Partitioning can significantly improve query performance, especially when the most frequently accessed rows can be limited in one or several partitions. Partitioning replaces the upper levels of an index tree. When a query involves one or a few specific partitions, the database system can perform a sequential scan on just those partitions instead of relying on indexes. This can improve performance and manageability because the system processes contiguous data chunks rather than records scattered throughout the entire table.

• Easier management

As standalone objects, partitions can be managed individually or collectively. Because DDL operations can be performed on partitions, in addition to the entire table or an index, you can use partitioning to break down resource-intensive tasks, such as rebuilding indexes or tables. A single partition can be moved at a time.

Therefore, when an issue occurs, only the relevant partition needs to be moved, instead of the entire table. What's more, you can perform batch operations on data records in the unit of partitions.

For example, when you want to remove data from a table, you only need to use DROP TABLE to delete the relevant partition or use ALTER TABLE DETACH PARTITION to remove the partition from the parent table. VACUUM operations are not required to reclaim storage space after these operations, which is another advantage over batch deletion.

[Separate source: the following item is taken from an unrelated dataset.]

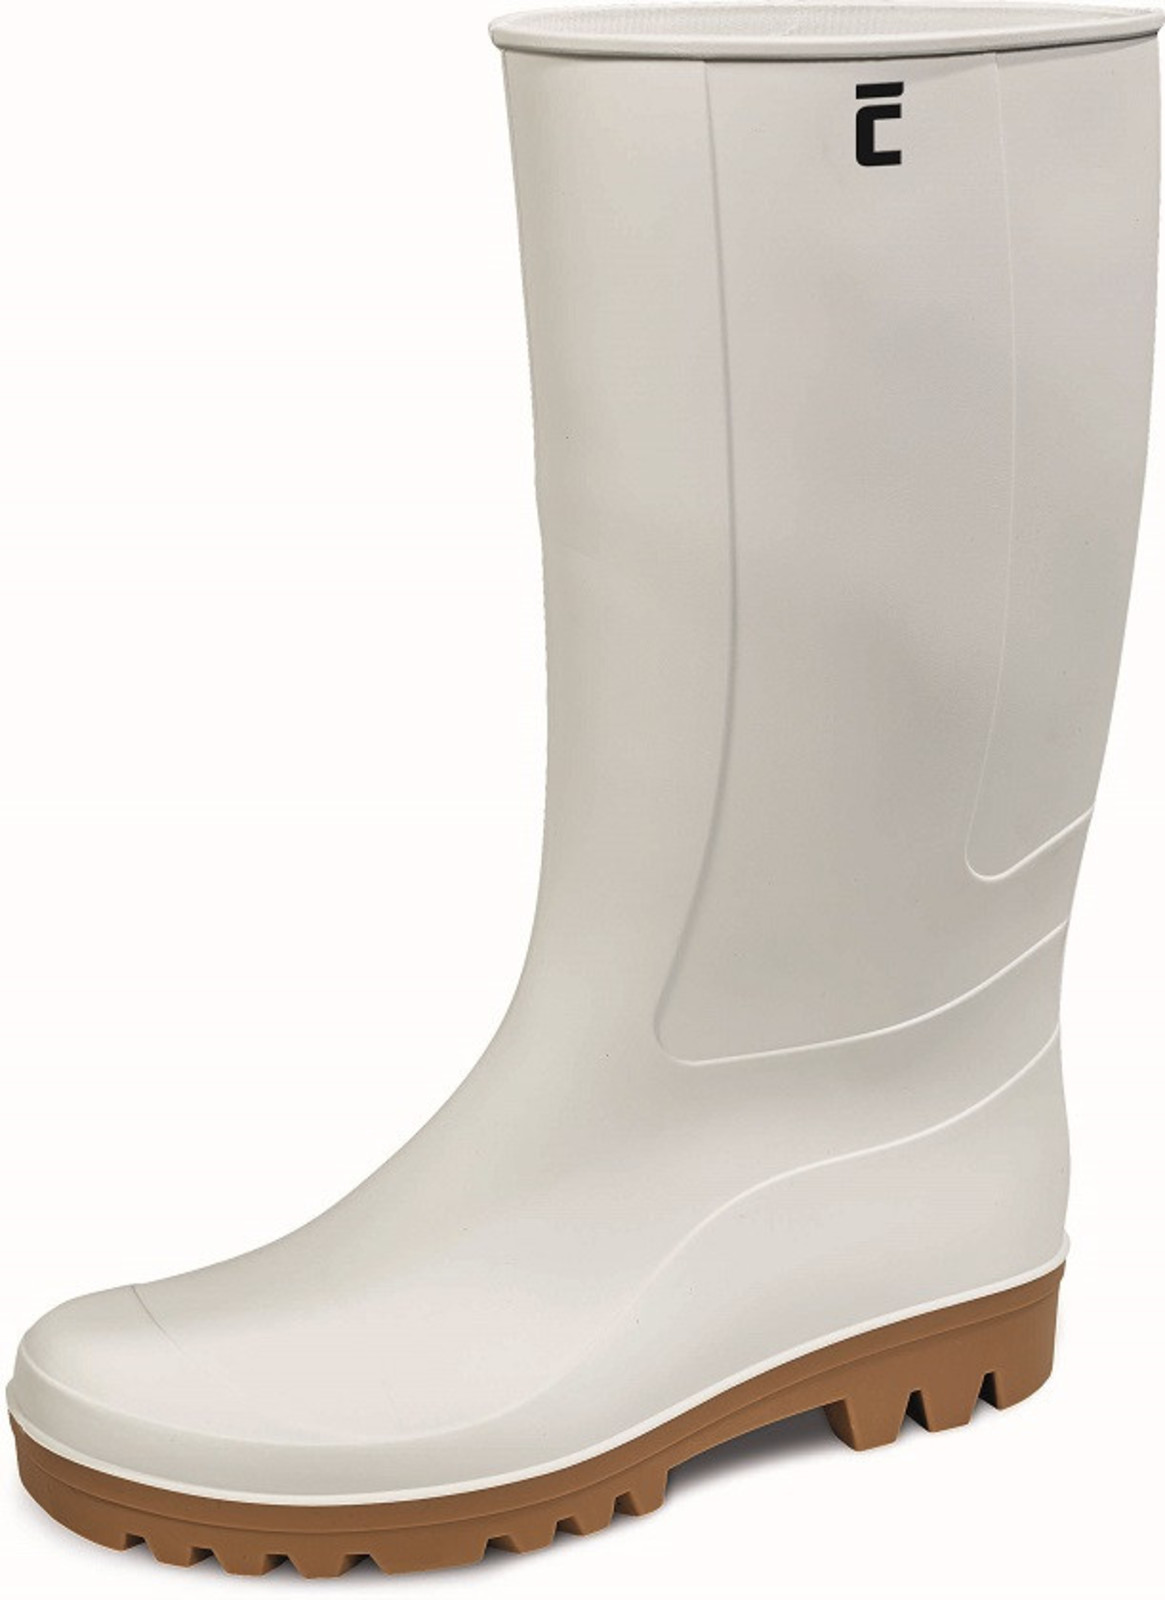 Gumáky Boots BC Food O4  - veľkosť: 42, farba: biela

• Reduced resource contention

In some OLTP systems, partitioning can reduce the contention of resources, such as when a DML statement is executed on multiple partitions.

• Higher availability

If a partition becomes unavailable, the rest of the partitioned table can still be accessed. The query optimizer automatically removes unavailable partitions from query plans to avoid impacting queries.

• Lower storage costs

Infrequently accessed partitions can be moved to a slower, cheaper storage medium, reducing storage costs.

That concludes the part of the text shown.